[Dataset extract Boundary: Start]

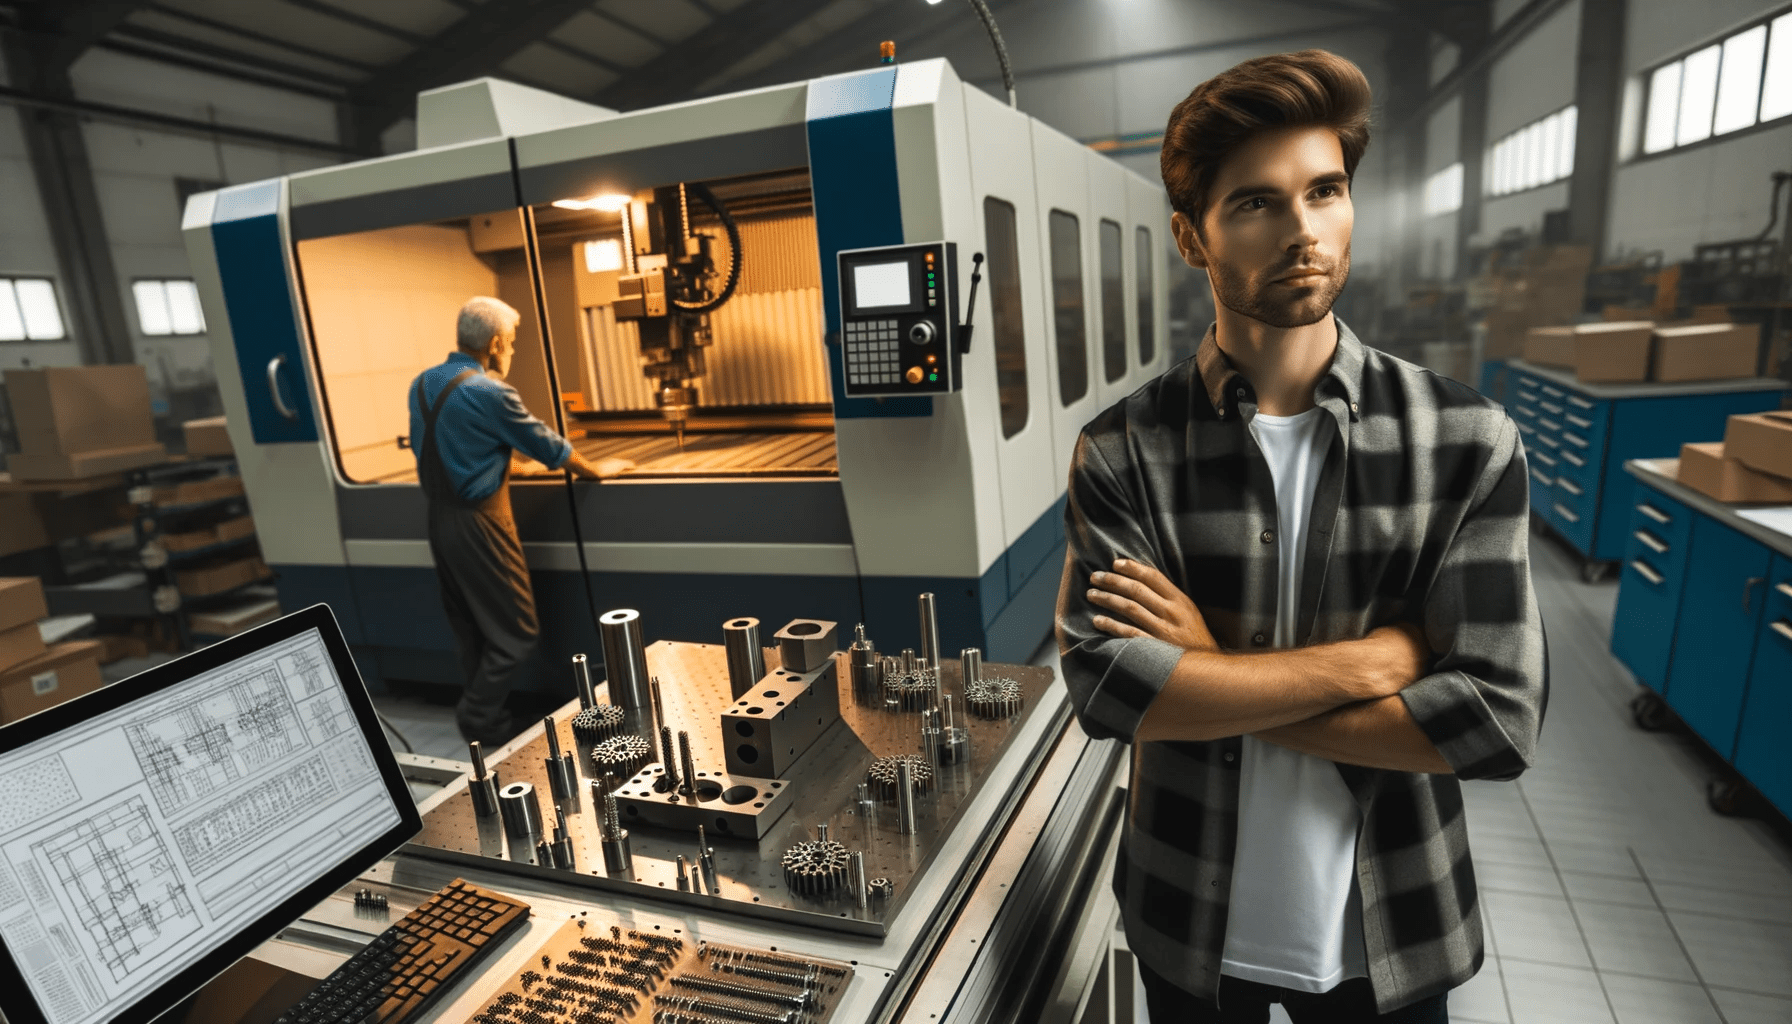 Photo of a modern workshop where a man stands attentively behind a CNC machine, monitoring its operations and ensuring precision
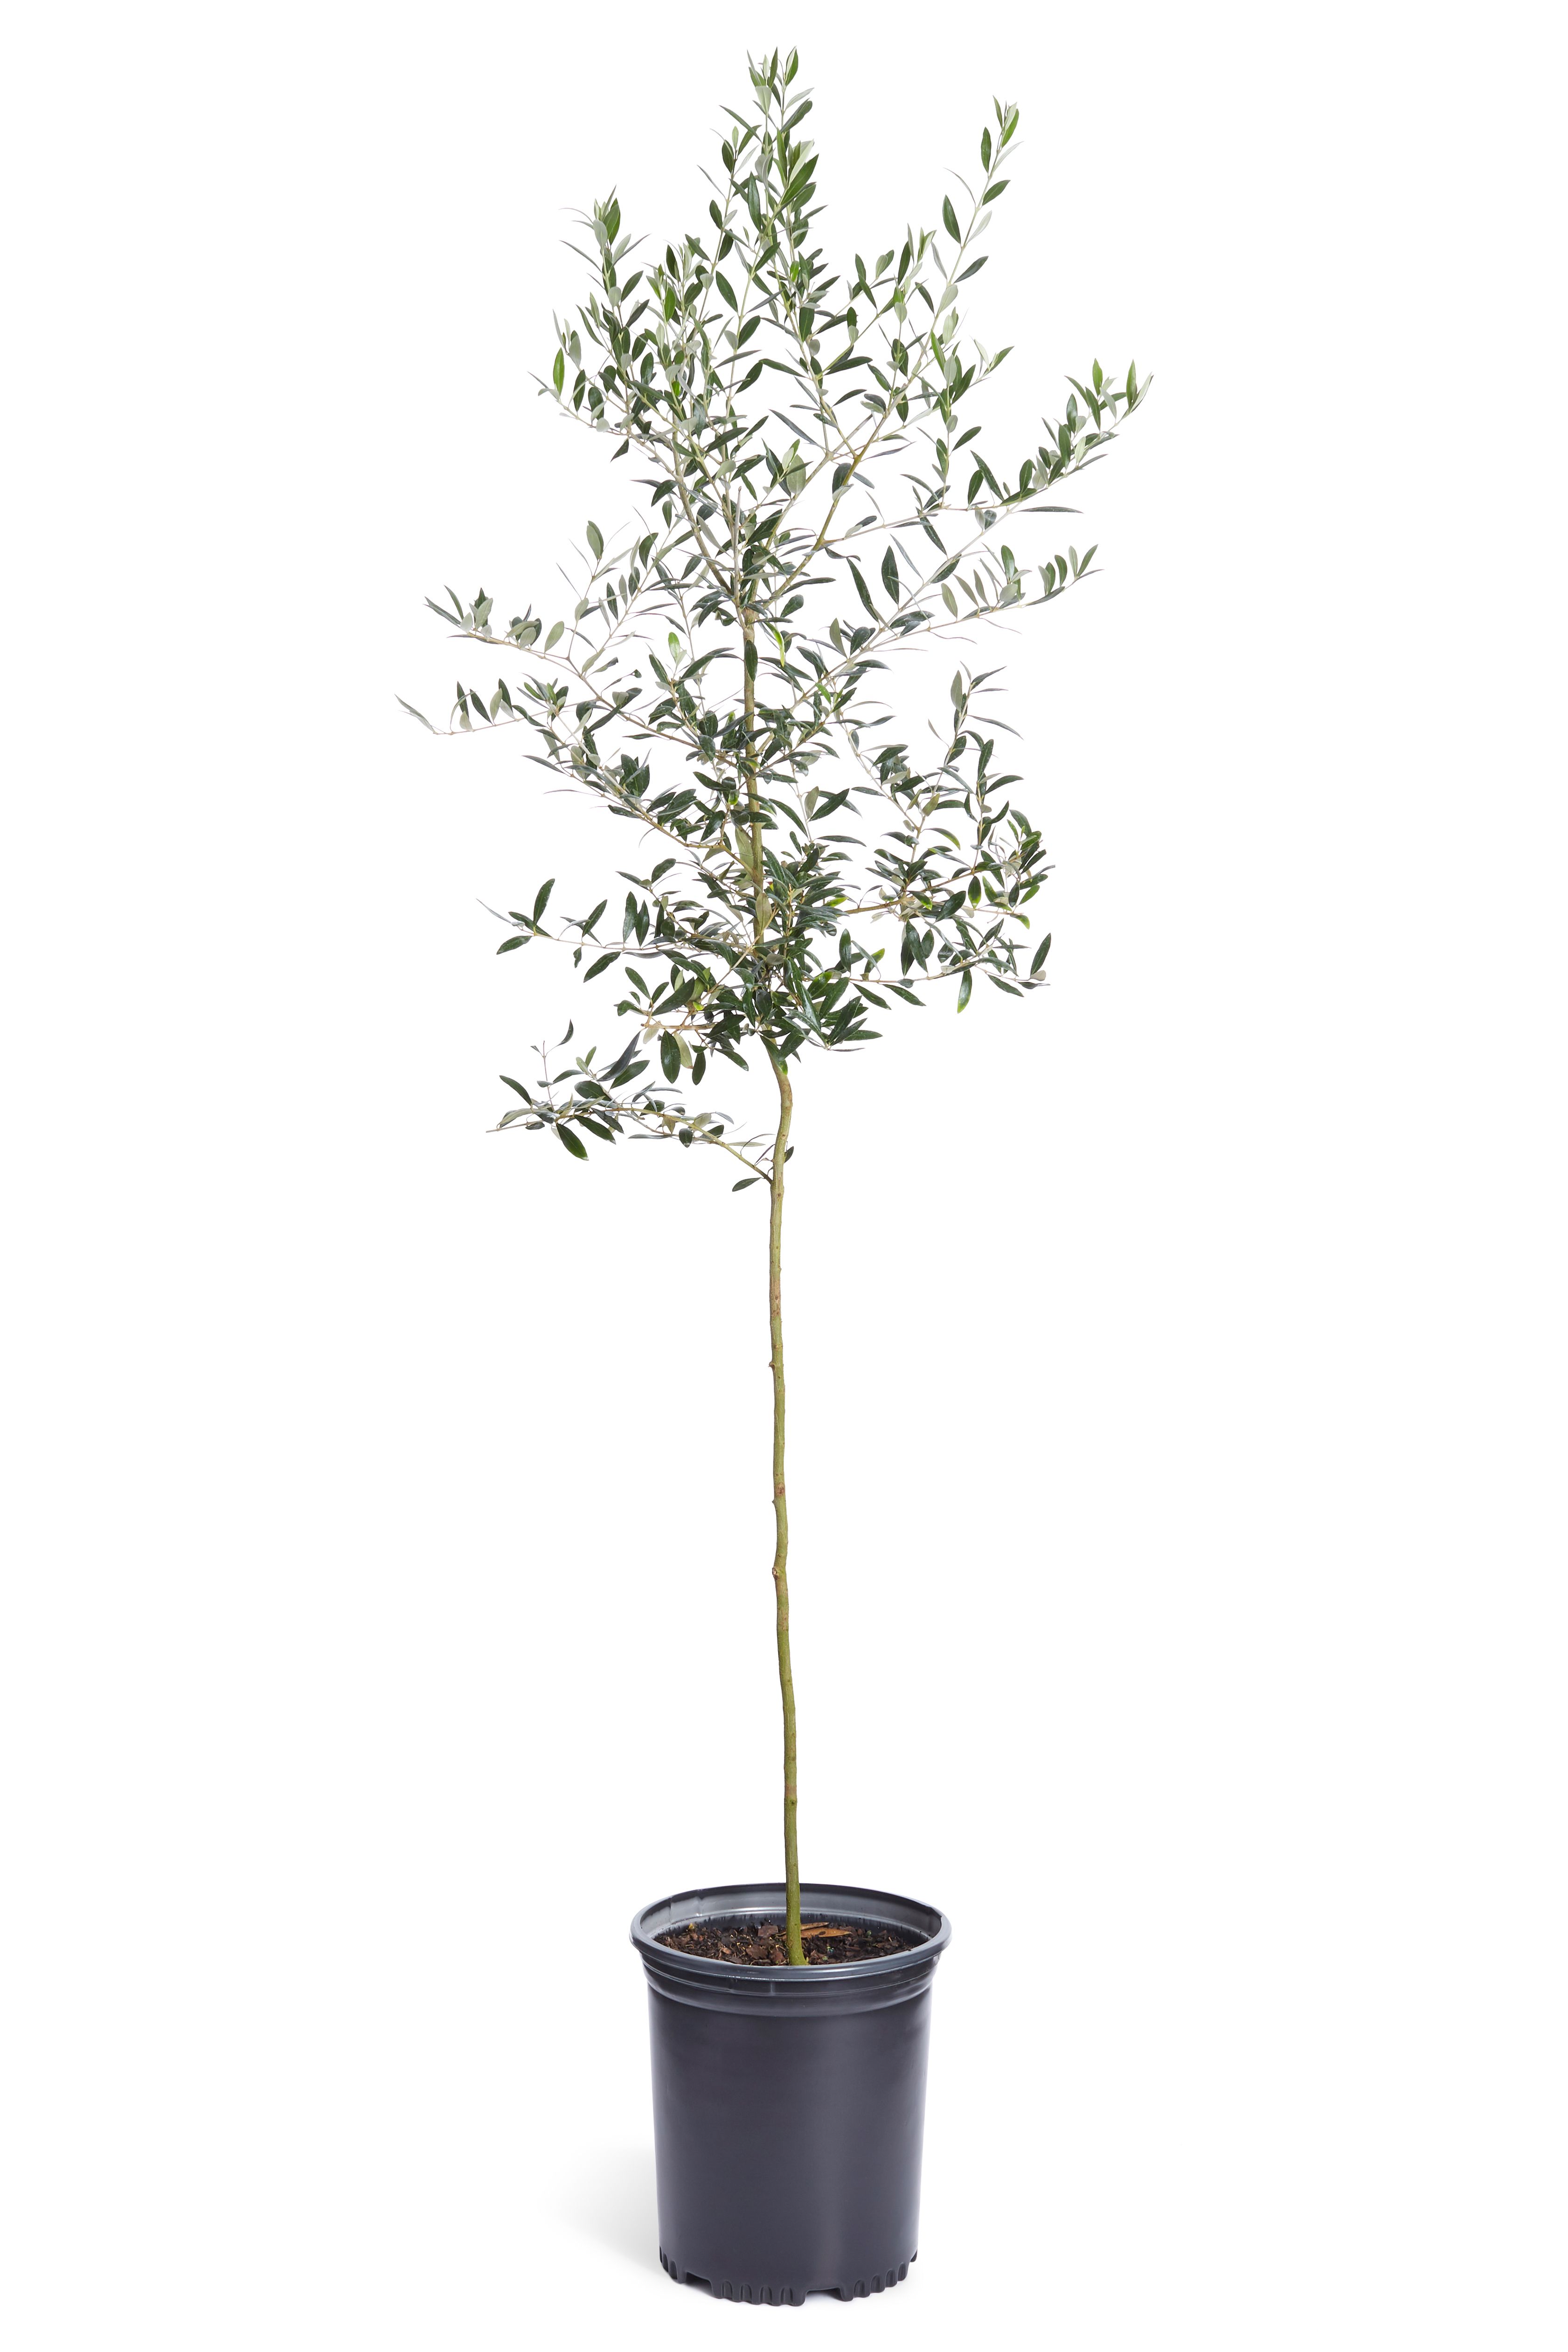 Arbequina Olive Tree - Grow Your Own Delicious Olives - Cannot Ship to AZ | Walmart (US)
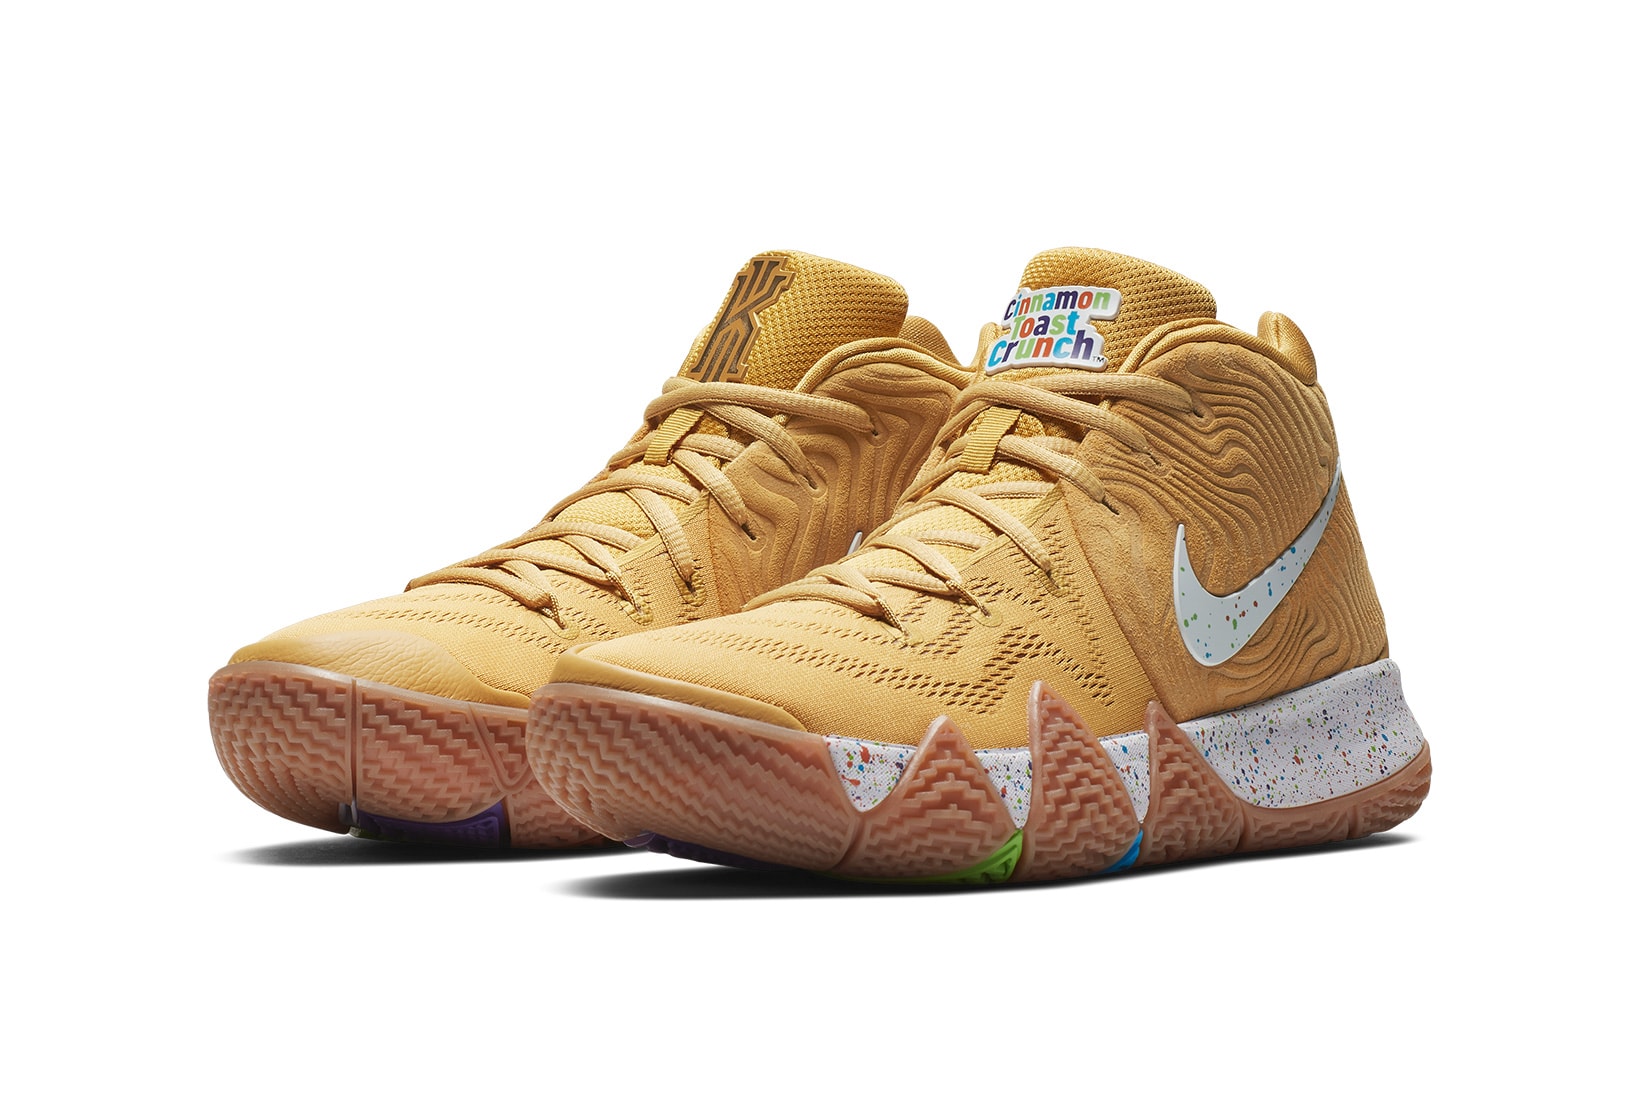 NEW Nike Kyrie 4 Kix Cereal Pack Irving Yellow 2018 RARE BV0425-700 Size  13.5

[Dataset extract Boundary: End]

The data shown above must be printed again exactly, with no images included.

**Solution to this problem**
 Photo of a modern workshop where a man stands attentively behind a CNC machine, monitoring its operations and ensuring precision
 Arbequina Olive Tree - Grow Your Own Delicious Olives - Cannot Ship to AZ | Walmart (US)
 NEW Nike Kyrie 4 Kix Cereal Pack Irving Yellow 2018 RARE BV0425-700 Size  13.5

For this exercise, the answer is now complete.